Representation of low-precision models¶

The goal of this document is to describe how optimized models are represented in OpenVINO Intermediate Representation (IR) and provide guidance on interpretation rules for such models at runtime. Currently, there are two groups of optimization methods that can influence on the IR after applying them to the full-precision model:

Sparsity. It is represented by zeros inside the weights and this is up to the hardware plugin how to interpret these zeros (use weights as is or apply special compression algorithms and sparse arithmetic). No additional mask is provided with the model.
Quantization. The rest of this document is dedicated to the representation of quantized models.

Representation of quantized models¶

The OpenVINO Toolkit represents all the quantized models using the so-called FakeQuantize operation. This operation is very expressive and allows mapping values from arbitrary input and output ranges. The whole idea behind that is quite simple: we project (discretize) the input values to the low-precision data type using affine transformation (with clamp and rounding) and then reproject discrete values back to the original range and data type. It can be considered as an emulation of the quantization process which happens at runtime. In order to be able to execute a particular DL operation in low-precision all its inputs should be quantized i.e. should have FakeQuantize between operation and data blobs. The figure below shows an example of quantized Convolution which contains two FakeQuantize nodes: one for weights and one for activations (bias is quantized using the same parameters).
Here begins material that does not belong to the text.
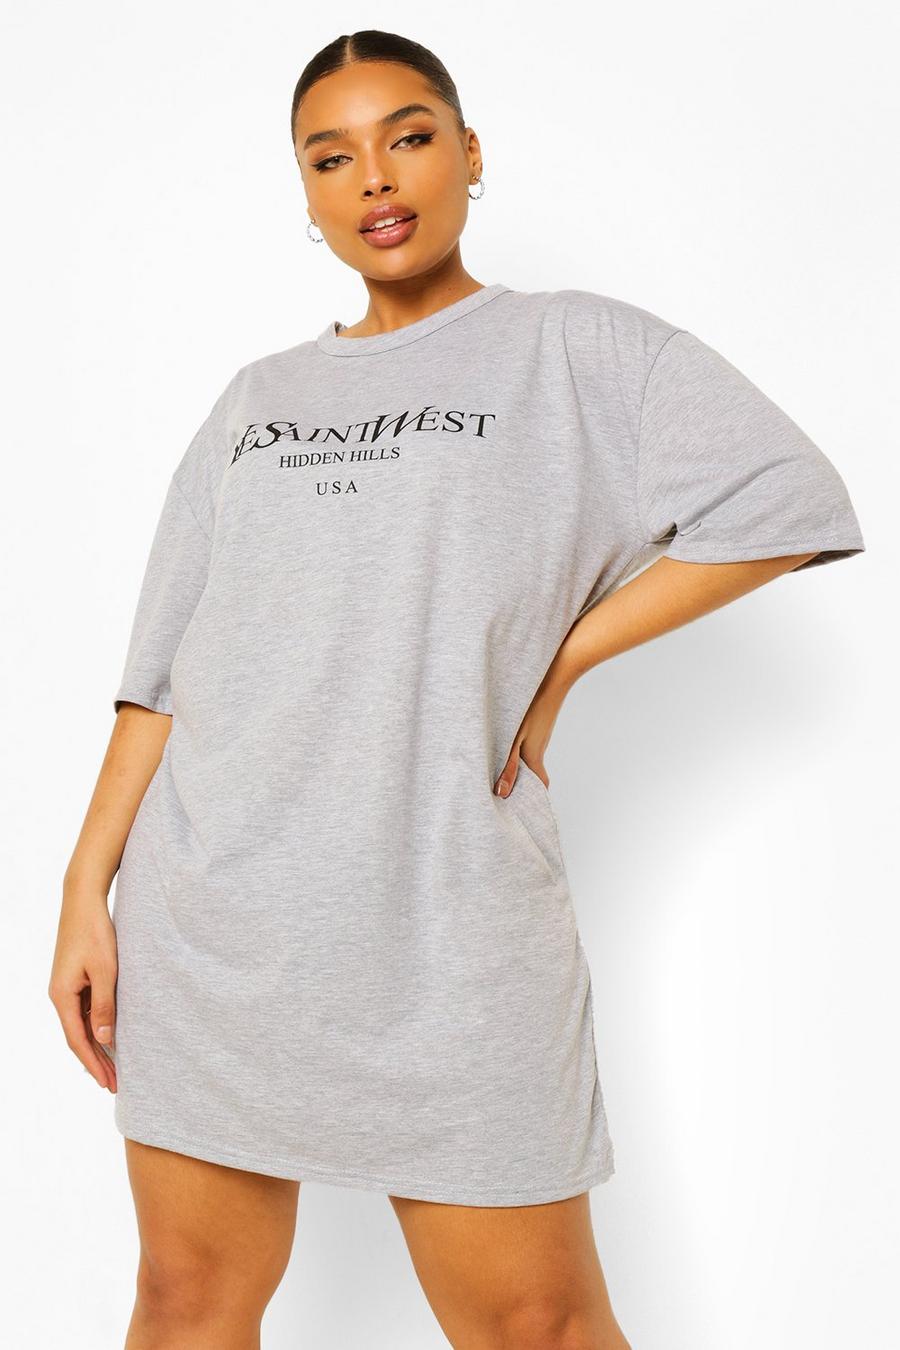 Grande taille - Robe t-shirt Ye Saint West, Grey image number 1
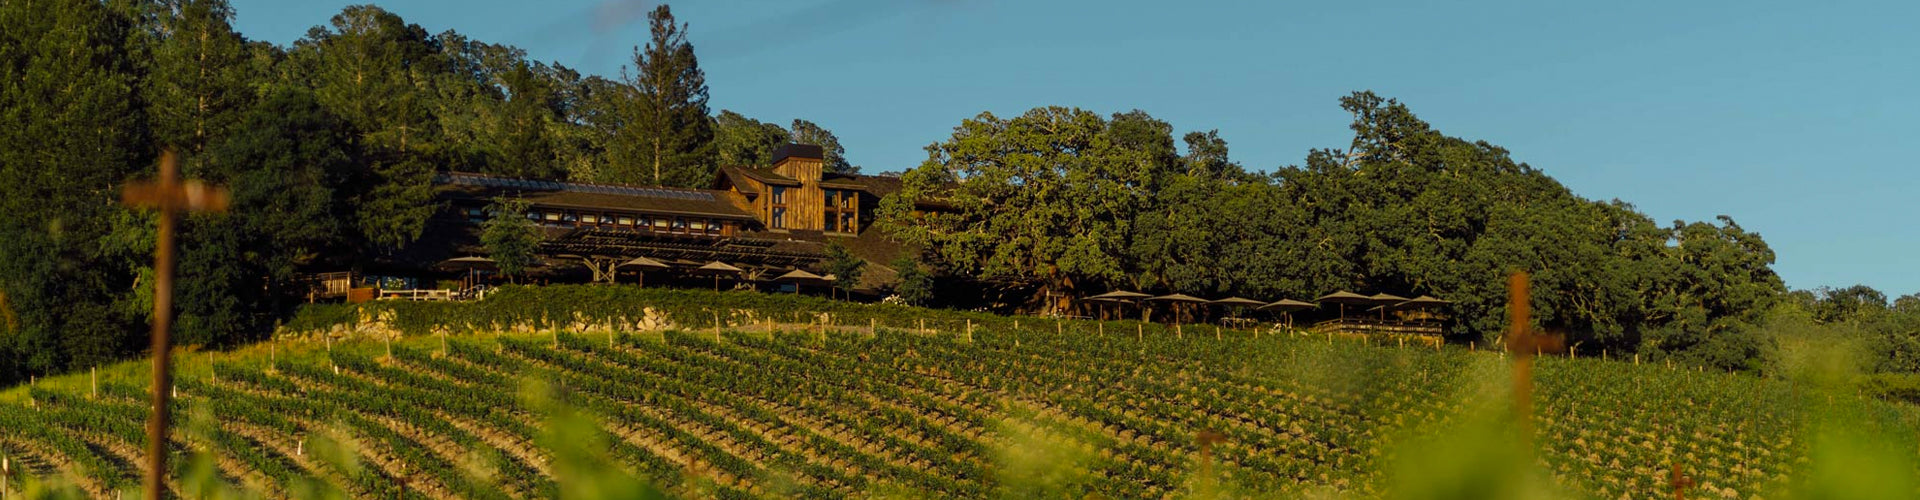 Joseph Phelps Winery & Vineyards in Napa Valley

Figure 1. Example of quantized Convolution operation.

Starting from OpenVINO 2020.2 release all the quantized models are represented in the compressed form. It means that the weights of low-precision operations are converted into the target precision (e.g. INT8). It helps to substantially reduce the model size. The rest of the parameters can be represented by FLOAT32 or FLOAT16 precision depending on the input full-precision model used in the quantization process. Fig. 2 below shows an example of the part of the compressed IR.

Figure 2. Example of compressed quantized model.

Interpreting FakeQuantize at runtime¶

One important question that arises at inference time is how to correctly interpret quantized models and specifically FakeQuantize operations. OpenVINO Deep Learning Deployment Toolkit has a special component which is called Low-Precision Transformations (LPT). It is responsible for the translation of “fake-quantized” models into the models with low-precision operations. For more information about low-precision flow please refer to the following document. Here we provide only a high-level overview of the interpretation rules of FakeQuantize operation. At runtime each FakeQuantize can be split into two independent operations: Quantize and Dequantize. The former one is aimed to transform the input data into the target precision while the latter transforms the resulting values back to the original range and precision. In practice Dequantize operations can be propagated forward through the linear low-precision layers, such as Convolution or Fully-Connected, and in some cases fused with the following Quantize operation for the next layer into the so-called Requantize operation (see Fig. 3).

Figure 3. Quantization operations propagation at runtime. Q, DQ, RQ stand for Quantize, Dequantize, and Requantize correspondingly.

From the calculation standpoint, the FakeQuantize formula also is split into two parts accordingly:

output = round((x - input_low) / (input_high - input_low) * (levels-1)) / (levels-1) * (output_high - output_low) + output_low

The first part of this fomula represents Quantize operation:

q = round((x - input_low) / (input_high - input_low) * (levels-1))

The second is responsible for the dequantization:

r = q / (levels-1) * (output_high - output_low) + output_low

From the scale/zero-point notation standpoint the latter formula can be written as follows:

r = (output_high - output_low) / (levels-1) * (q + output_low / (output_high - output_low) * (levels-1))

Thus we can define:

Scale as (output_high - output_low) / (levels-1)
Zero-point as -output_low / (output_high - output_low) * (levels-1)

Note : During the quantization process the values input_low, input_high, output_low, output_high are selected so that to map a floating-point zero exactly to an integer value (zero-point) and vice versa.